The advantages of the present invention can be demonstrated by an in vitro (exvivo) permeation test of the abdominal skin of male nude mice performed according to the following protocol:
the surface area previously cut with a hollow punch was 2.54cm2The transdermal patch of (1), placed at 3.14cm2The amount of hormone (i.e., steroid hormone) released was measured on the skin of the belly of a round nude mouse using a glass tube kept at a constant temperature of 37 c. The glass tube was provided with a receiving chamber having a volume of 11.5ml and containing a receiving phase consisting of an isotonic solution/PEG 400 mixture (75/25; v/v).

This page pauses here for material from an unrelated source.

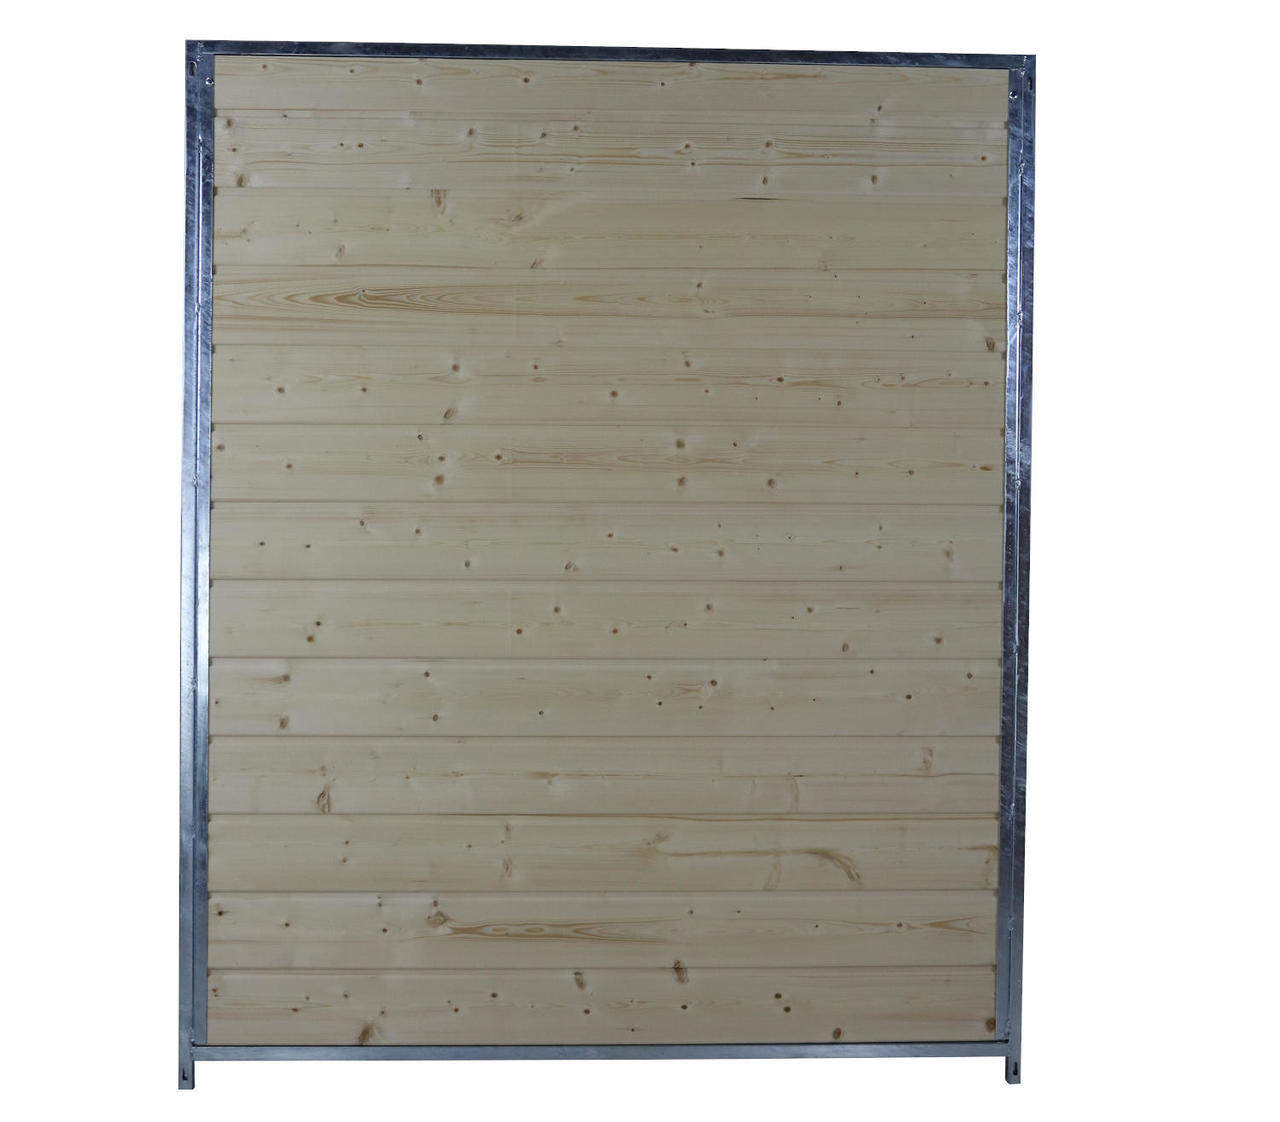 Sonderserie Holzelement B 150 cm mit Metallrahmen, naturbelassen

Samples of the receiving solution were taken at 2, 4, 6, 8, 12, 16, 20 and 24 hours and analyzed by liquid chromatography. To obtain the different results caused by the intrinsic permeability of these skin samples, permeation experiments of transdermal patch samples were performed on a minimum of 3 to 5 skin samples. The results presented are the average values obtained from each patch of these experiments.
The following is 17-. beta. -estradiol (F) obtained in the case of patches 1-7ES) And/or norethindrone acetate (F)NETA) Average skin absorption flux of (1):
patch 1: FNETA=0.35±0.16μg/cm2/h
Patch 2: FES=0.2±0.07μg/cm2/h
FNETA=0.39±0.1μg/cm2/h
Patch 3: FEs=0.61±0.08μg/cm2/h
Patch 4: FES=0.57±0.13μg/cm2/h
FNETA=0.57±0.17μg/cm2/h
Patch 5: FNETA=0.5±0.03μg/cm2/h
Patch 6: FNETA=0.47±0.05μg/cm2/h
Patch 7: FNETA=0.89±0.12μg/cm2/h
Tables I to V illustrate the reduction in surface area of the systems of the invention in the case of simultaneous transdermal delivery of 17-beta-estradiol and norethindrone acetate, relative to the comparative system formed by two side-by-side patches of a single active ingredient.
Table I compares inventive System I, consisting of Patches 4 and 5, with comparative System Ia, consisting of Patches 3 and 5.
Table II compares inventive System II consisting of Patches 2 and 1 with comparative System IIa consisting of Patches 3 and 1.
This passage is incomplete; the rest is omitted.